The Company enters into interest rate swaps to manage fluctuations in interest expense and to maintain the
value of fixed-rate debt (senior notes). The fixed-rate debt is exposed to changes in fair value as market-based
interest rates fluctuate. The Company entered into two interest rate swaps in April 2000 with a total notional
value of $42.8 million at June 26, 2002. This fair value hedge changes the fixed-rate interest on the entire balance
of the Company's senior notes to variable-rate interest. Under the terms of the hedges (which expire in fiscal
2005), the Company pays semi-annually a variable interest rate based on 90-Day LIBOR (1.86% at June 26,
2002) plus 0.530% for one of the swaps and 180-Day LIBOR (1.91% at June 26, 2002) plus 0.395% for the other
swap, in arrears, compounded at three-month intervals. The Company receives semi-annually the fixed interest
rate of 7.8% on the senior notes. The estimated fair value of these agreements at June 26, 2002 was
approximately $3.2 million, which is included in other assets in the Company's consolidated balance sheet at
June 26, 2002. The Company's interest rate swap hedges meet the criteria for the "short-cut method" under
SFAS No. 133, "Accounting for Derivative Instruments and Hedging Activities." Accordingly, the changes in fair
value of the swaps are offset by a like adjustment to the carrying value of the debt and no hedge ineffectiveness is
assumed.
The Company entered into three interest rate swaps in December 2001 with a total notional value of
$117.8 million at June 26, 2002. These fair value hedges change the fixed-rate interest component of an operating
lease commitment for certain real estate properties entered into in November 1997 to variable-rate interest.

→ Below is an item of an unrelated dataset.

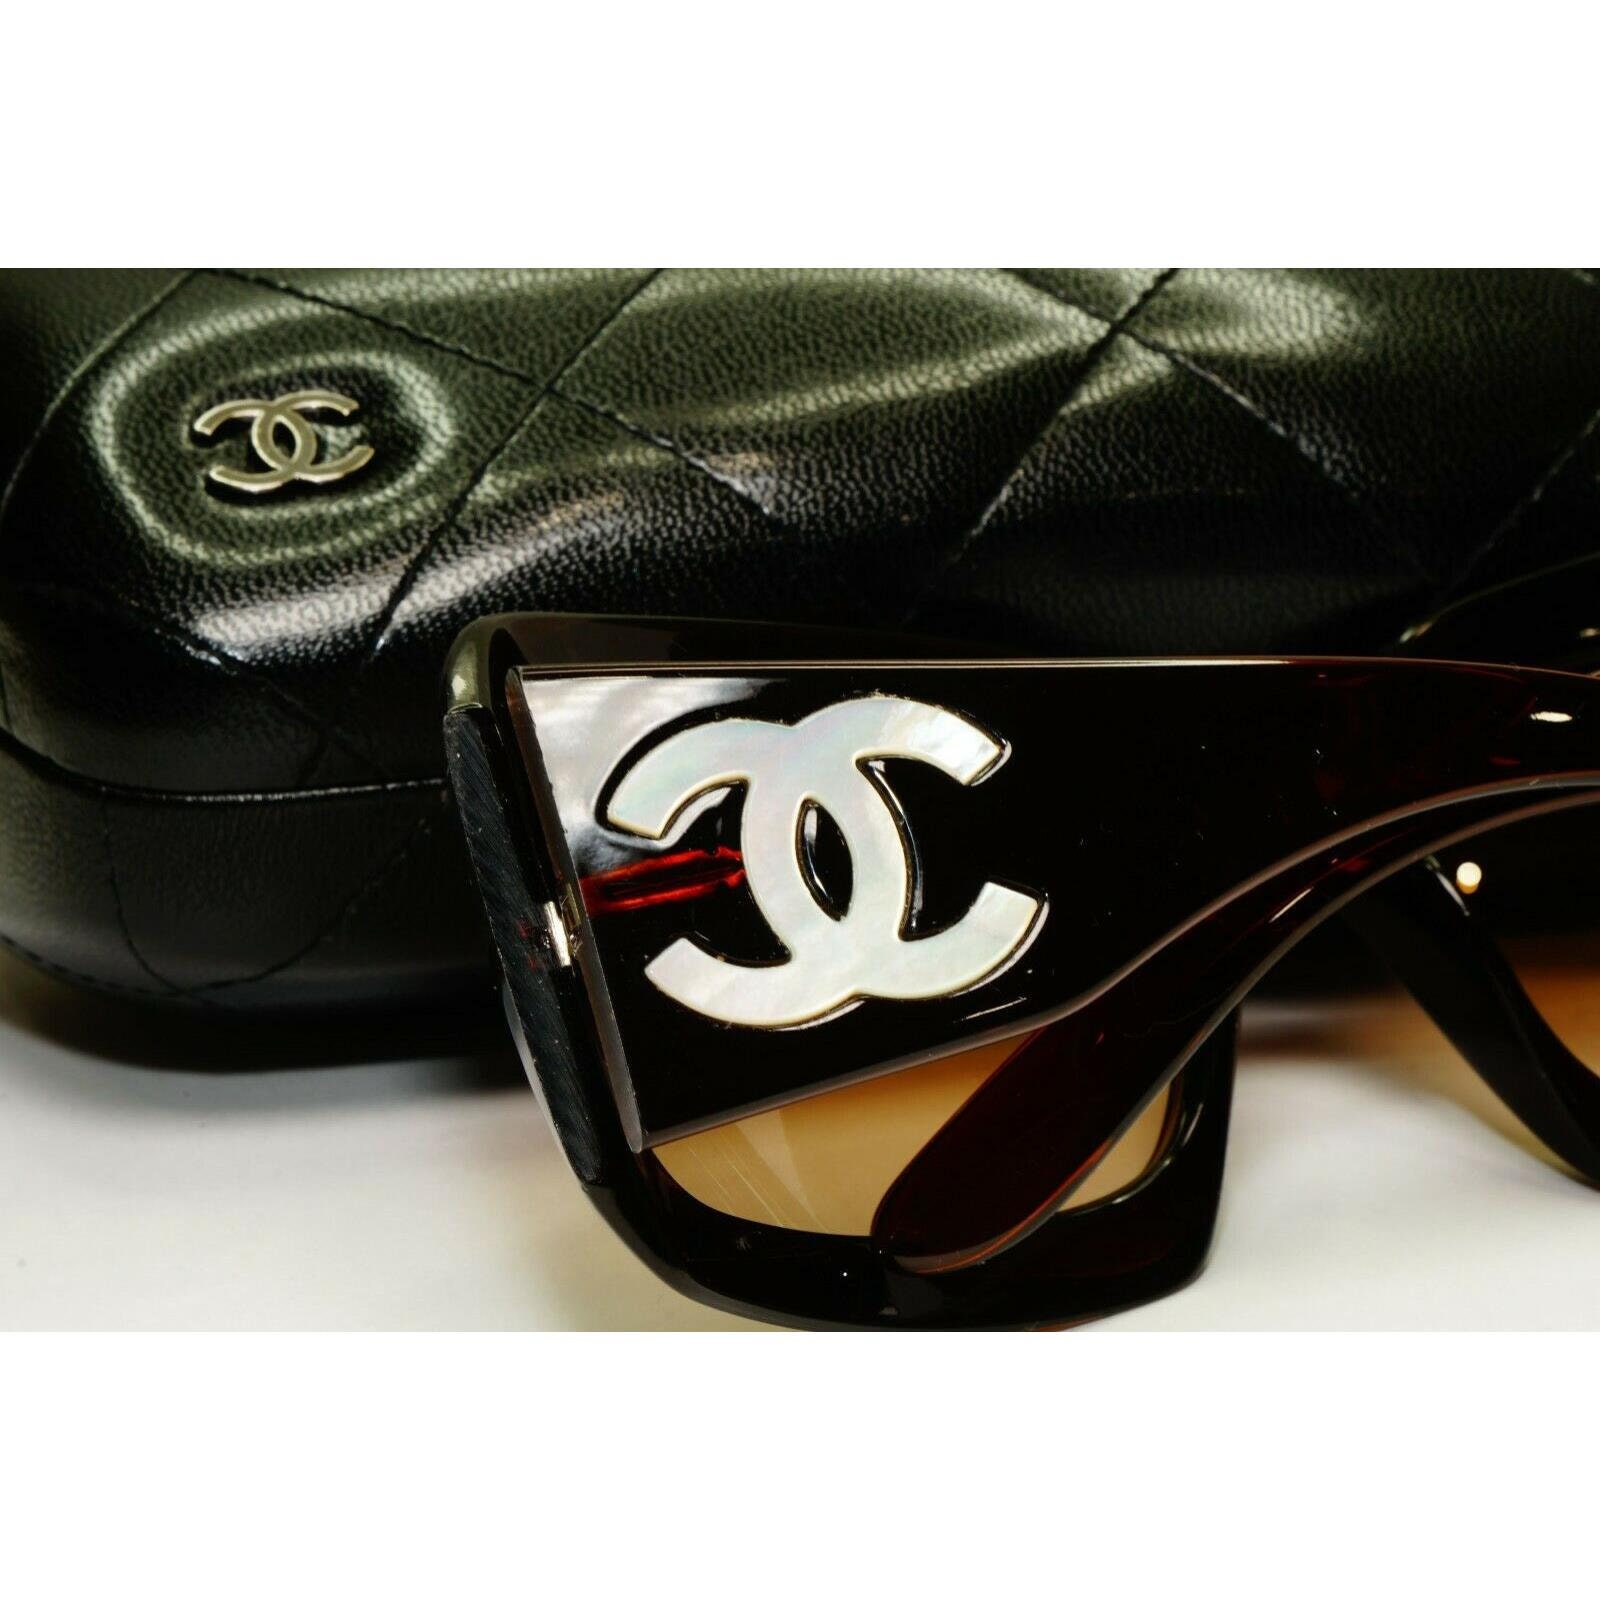 Chanel Mother of Pearl Vintage Sunglasses Brown Women Square 
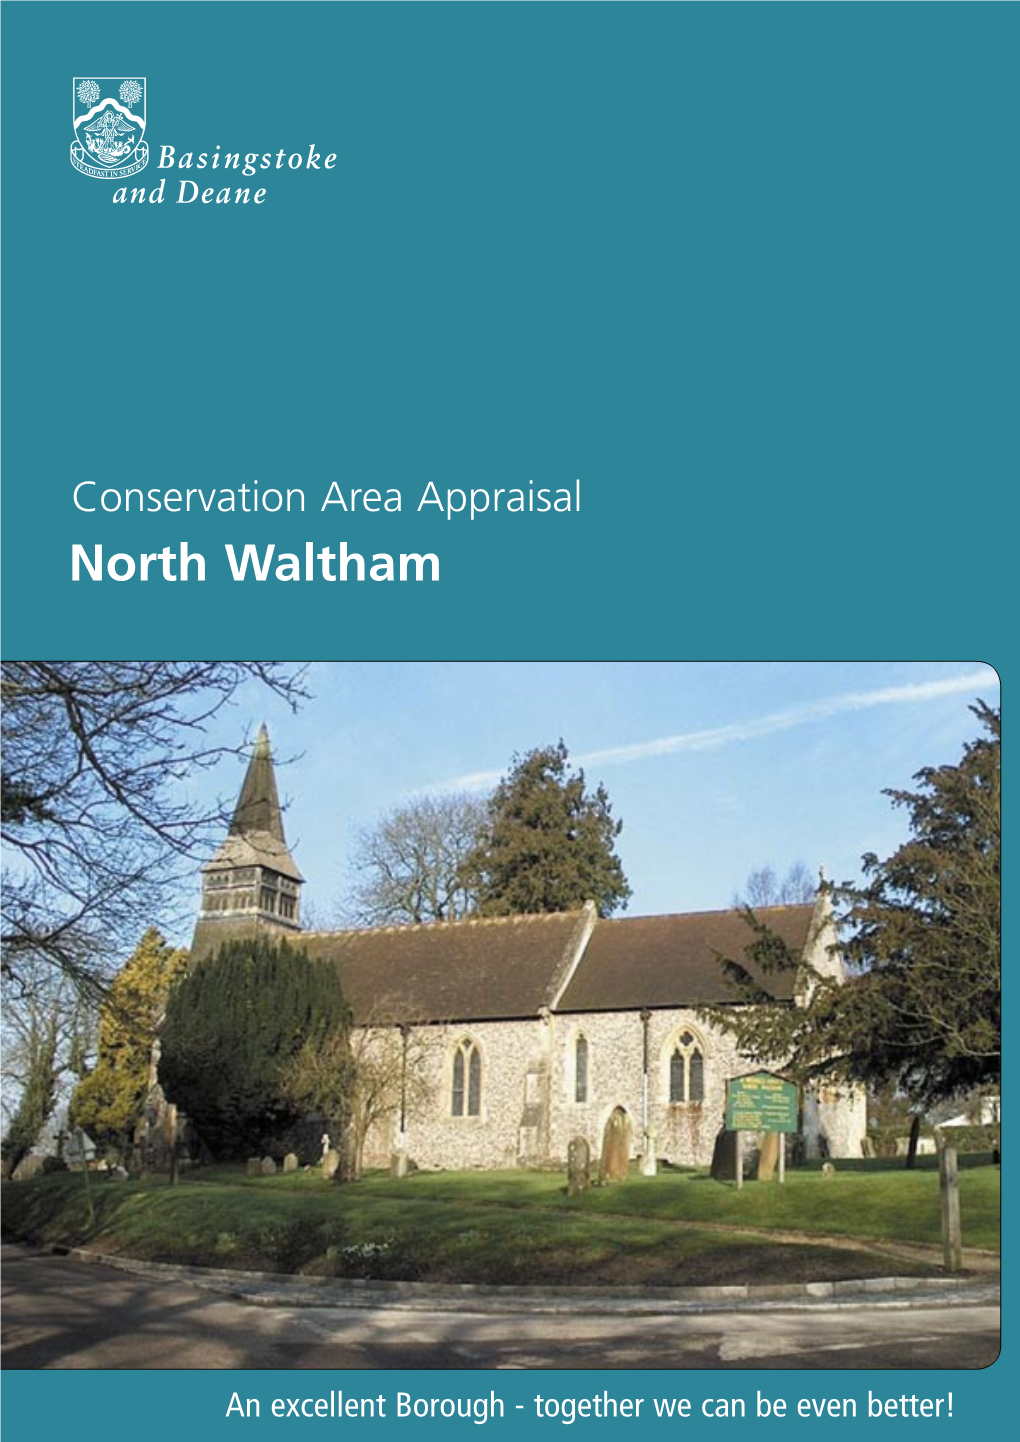 North Waltham Conservation Area Appraisal

Under the terms of the hedges (which expire in fiscal 2018), the Company pays monthly a variable rate based on
30-Day LIBOR (1.84% at June 26, 2002) plus 1.26%. The Company receives monthly the fixed interest rate of
7.156% on the lease. The estimated fair value of these agreements at June 26, 2002 was an asset of approximately
$5.7 million. The fair value hedges were fully effective during the fiscal year ended June 26, 2002. Accordingly,
the change in fair value of the swaps was recorded in other liabilities.